Exercise goal: A faithful transcript of all the lines below, with no pictures, is the goal here.

Exercise data:
::::

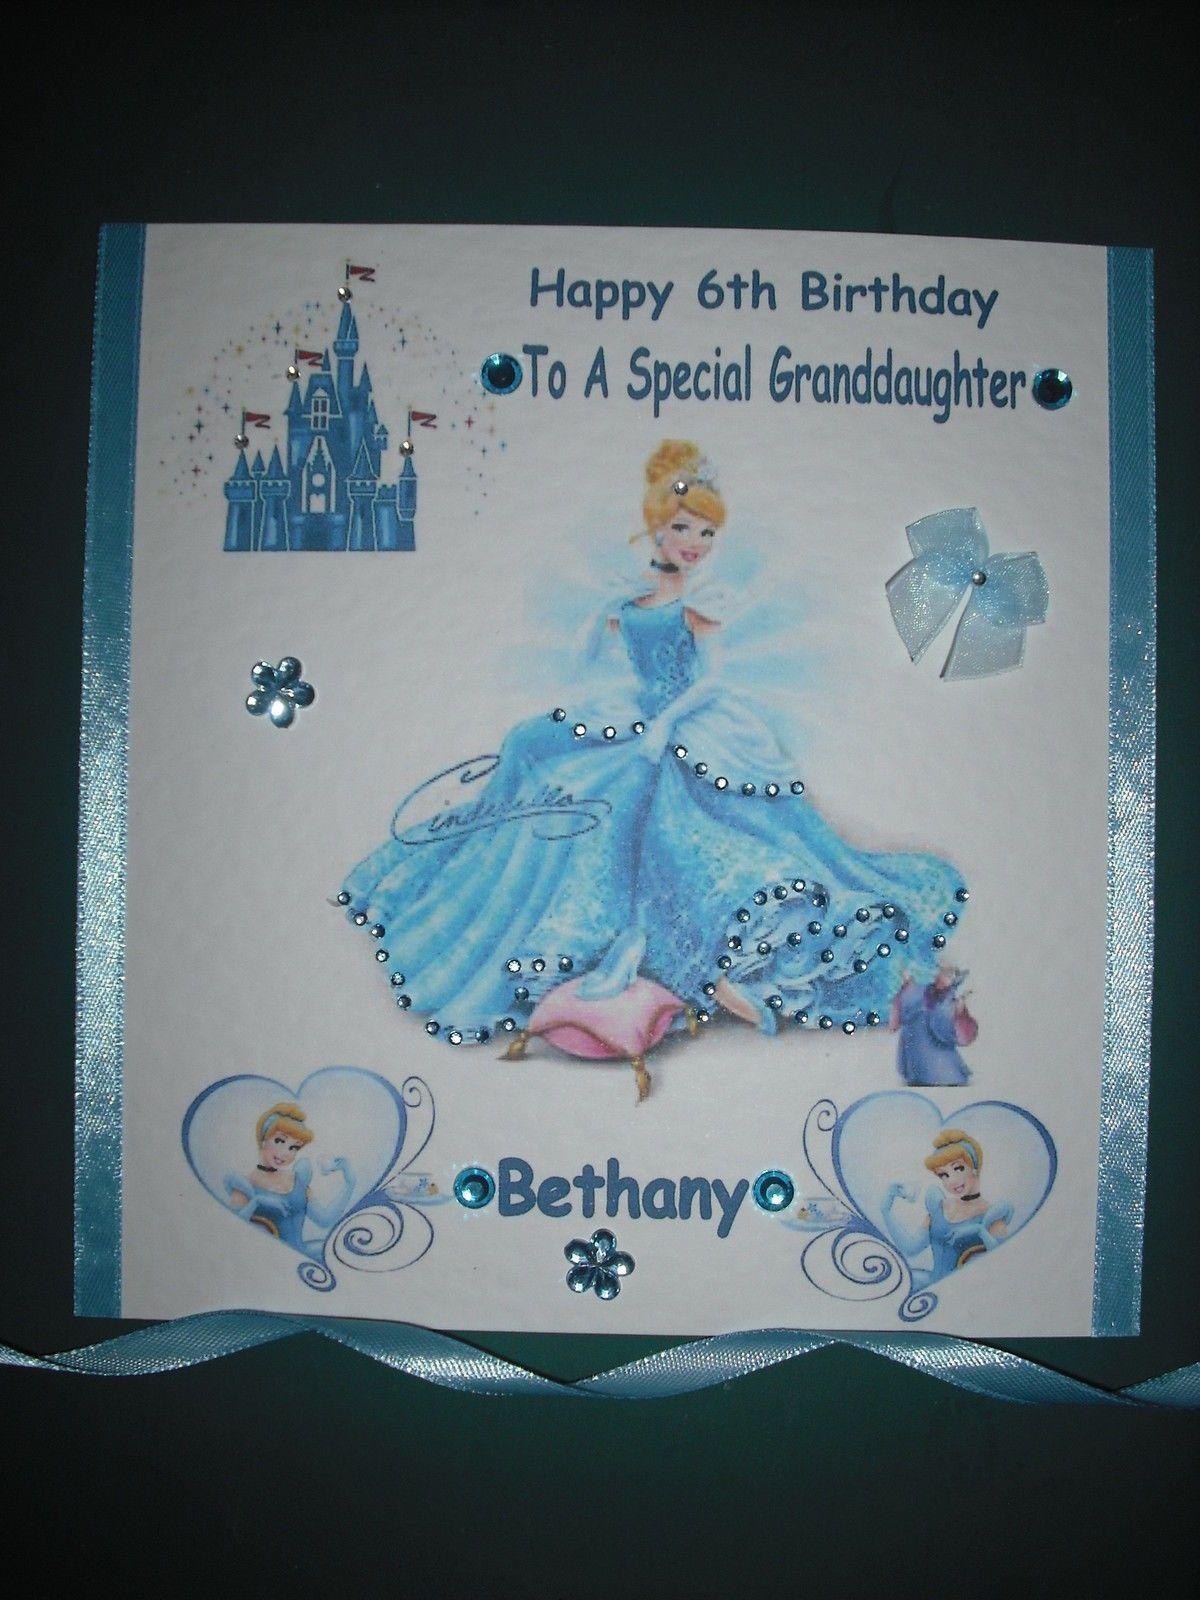 Handmade Personalised Cinderella Birthday Card Free 2nd Class Postage Birthday Cards Cinderella Birthday Personal Cards
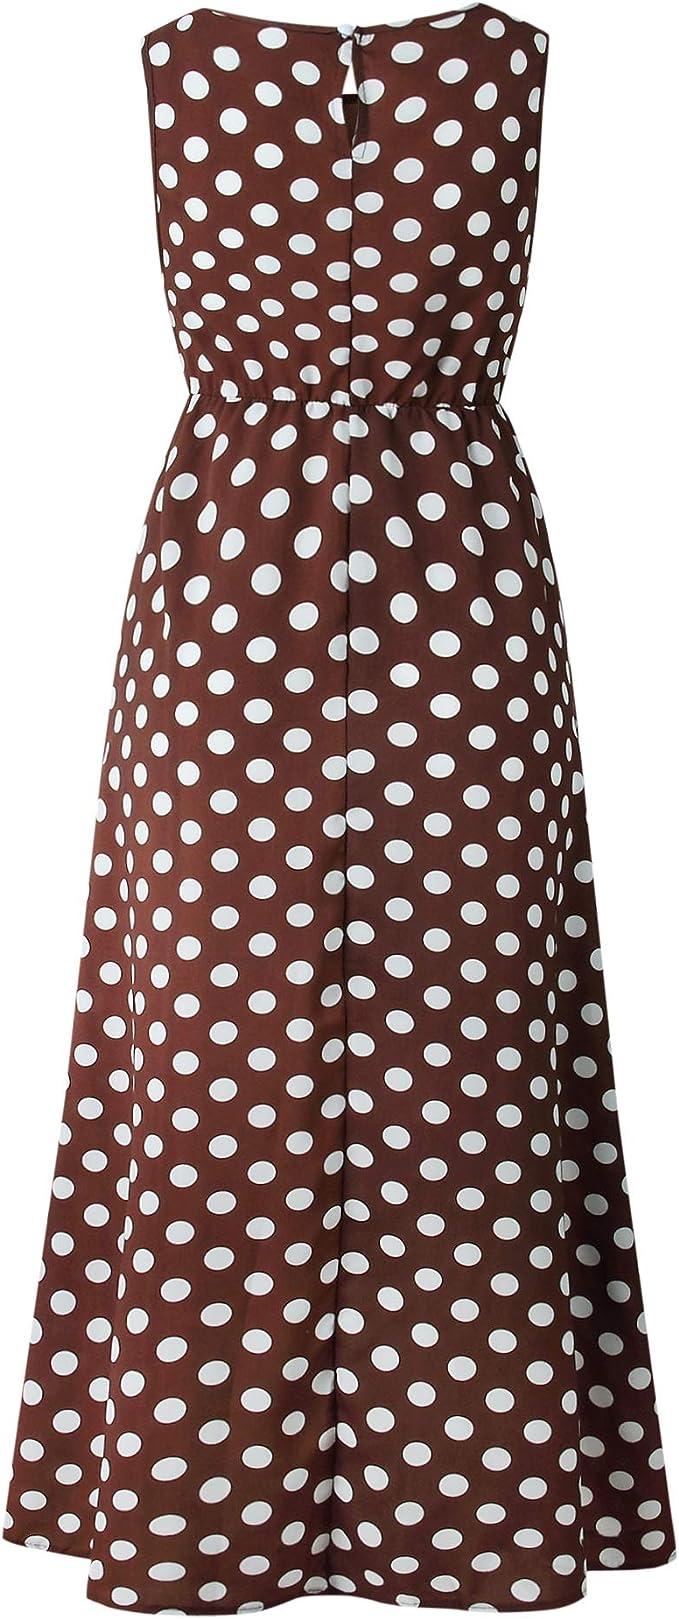 80s Costumes, 80s Clothing Ideas- Girls YHBAO Womens Vintage Polka Dot Printing Sleeveless Long Dress Evening Party Sexy Dress  AT vintagedancer.com
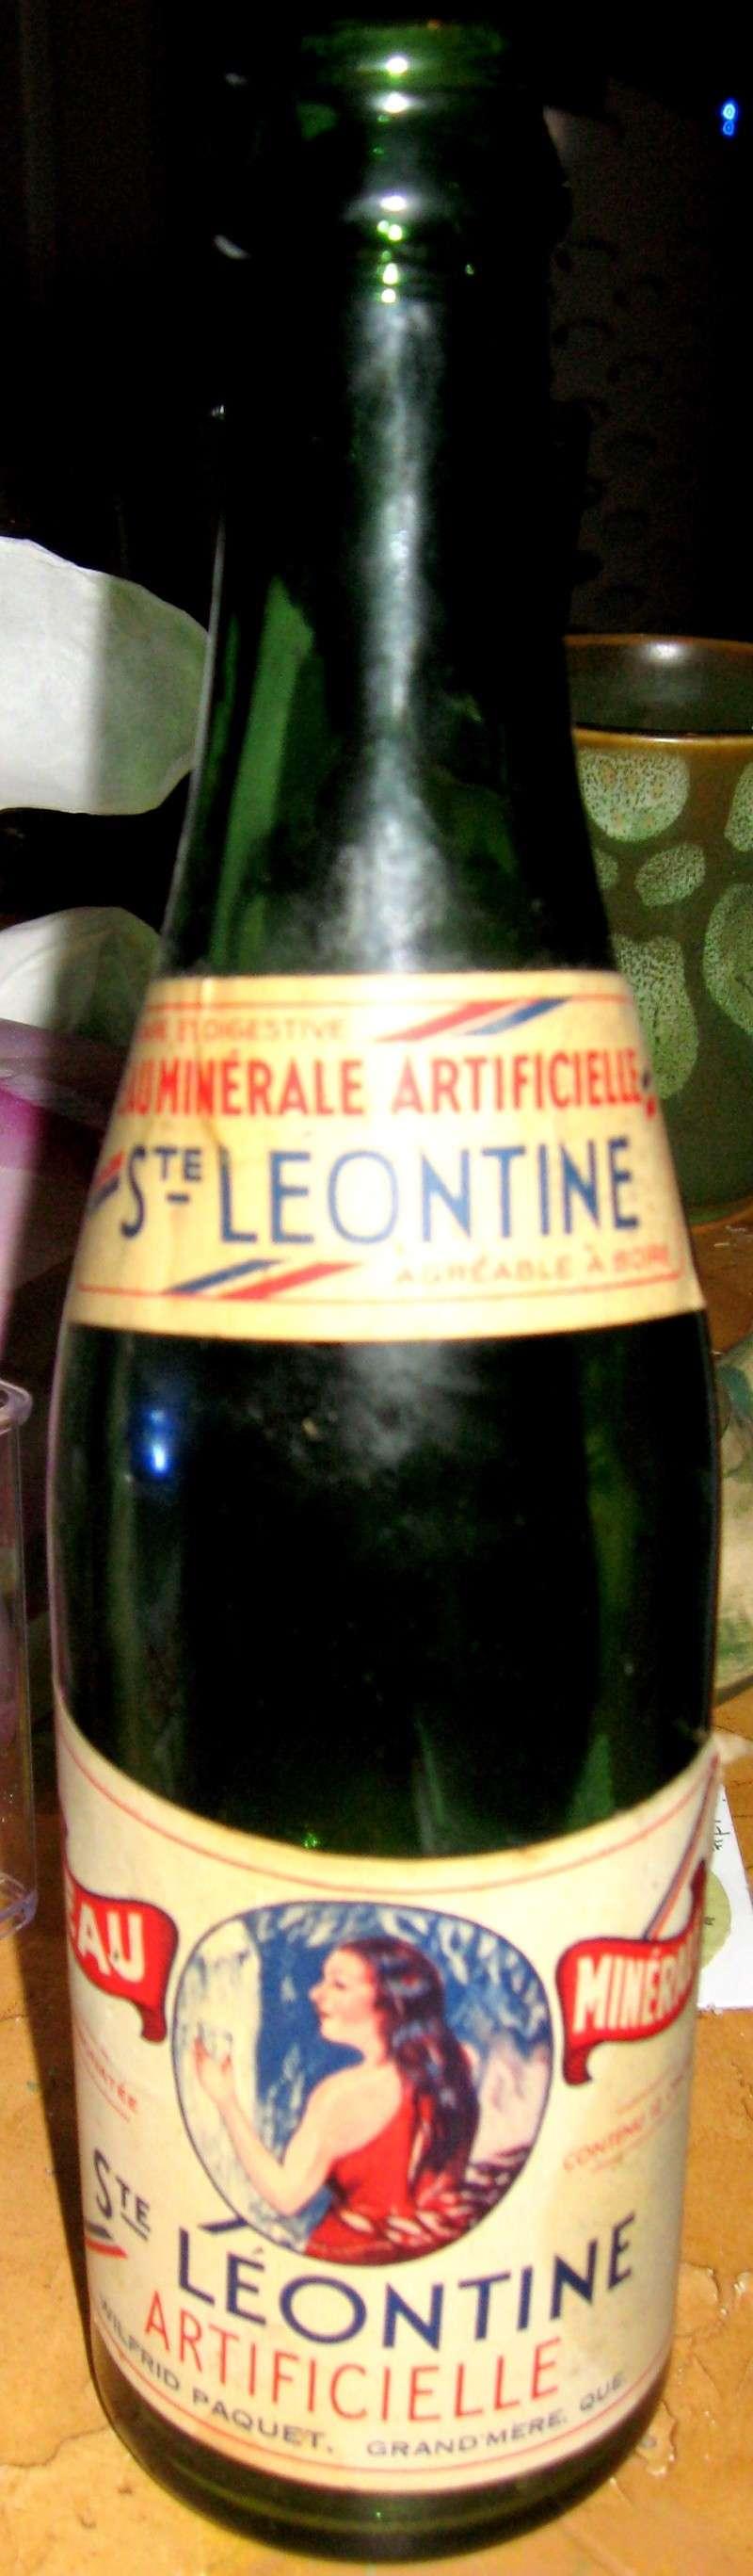 Eau minérale Ste-Leontine - Wilfrid Paquet Grand'Mère, PQ  Img_7810

::::

Output for this task:
 Handmade Personalised Cinderella Birthday Card Free 2nd Class Postage Birthday Cards Cinderella Birthday Personal Cards
 80s Costumes, 80s Clothing Ideas- Girls YHBAO Womens Vintage Polka Dot Printing Sleeveless Long Dress Evening Party Sexy Dress  AT vintagedancer.com
 Eau minérale Ste-Leontine - Wilfrid Paquet Grand'Mère, PQ  Img_7810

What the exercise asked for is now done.